Japan

Japan

Law Over Borders Comparative Guide: Global M&A Law Guide

28 Apr 2026
Global M&A Law Guide Global M&A Law Guide

Non-carve-out transactions

For whole-entity acquisitions, the most common structure is a negotiated share purchase or, for listed targets, a tender offer. While non-cash consideration is legally possible, cash remains by far the dominant consideration in Japan (see Question 6, below). Where the target has a dispersed shareholder base and the buyer aims for 100% ownership, the tender offer or negotiated purchase is typically followed by a squeeze out. Under Japanese law, the principal squeeze-out tools are:

  • a reverse stock split; and
  • the demand for sale of shares.

A reverse stock split requires a special shareholders’ resolution (two-thirds or more of votes of shareholders present).

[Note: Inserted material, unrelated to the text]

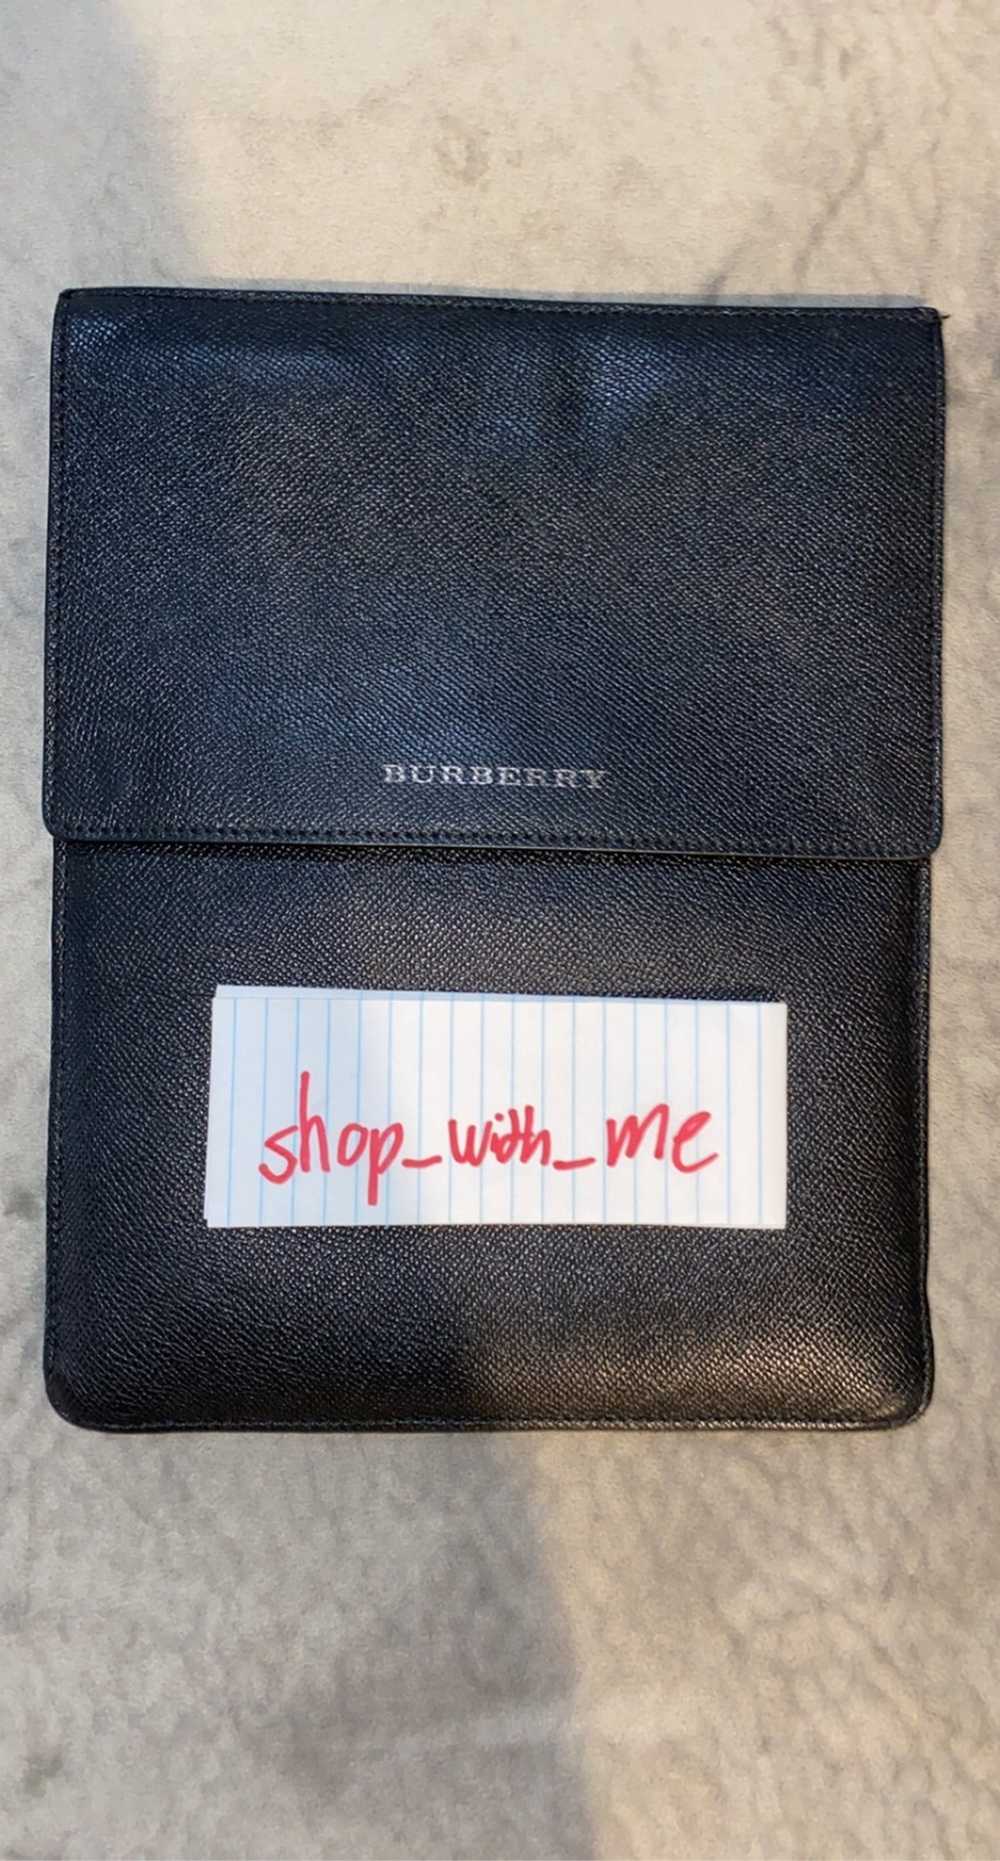 Burberry Burberry Leather Pouch - image 1

By contrast, the demand for sale of shares can be exercised by a shareholder holding at least 90% of the voting rights and does not require a shareholders’ resolution, making it procedurally simpler and less time consuming than a reverse stock split.

Japanese corporate law also provides for a statutory share exchange. A share exchange is designed to make the target a 100% subsidiary of the acquirer. Following prescribed procedures under the Companies Act of Japan, including prior disclosures, the acquirer may acquire all outstanding shares of the target in exchange for cash, its own shares or other type of consideration. However, the statutory share exchange is available only to Japanese joint stock companies (Kabushiki Kaisha) and Japanese LLCs (Godo Kaisha). Accordingly, for inbound investments where the acquirer is a non-Japanese entity, a straightforward share purchase is typically the primary option.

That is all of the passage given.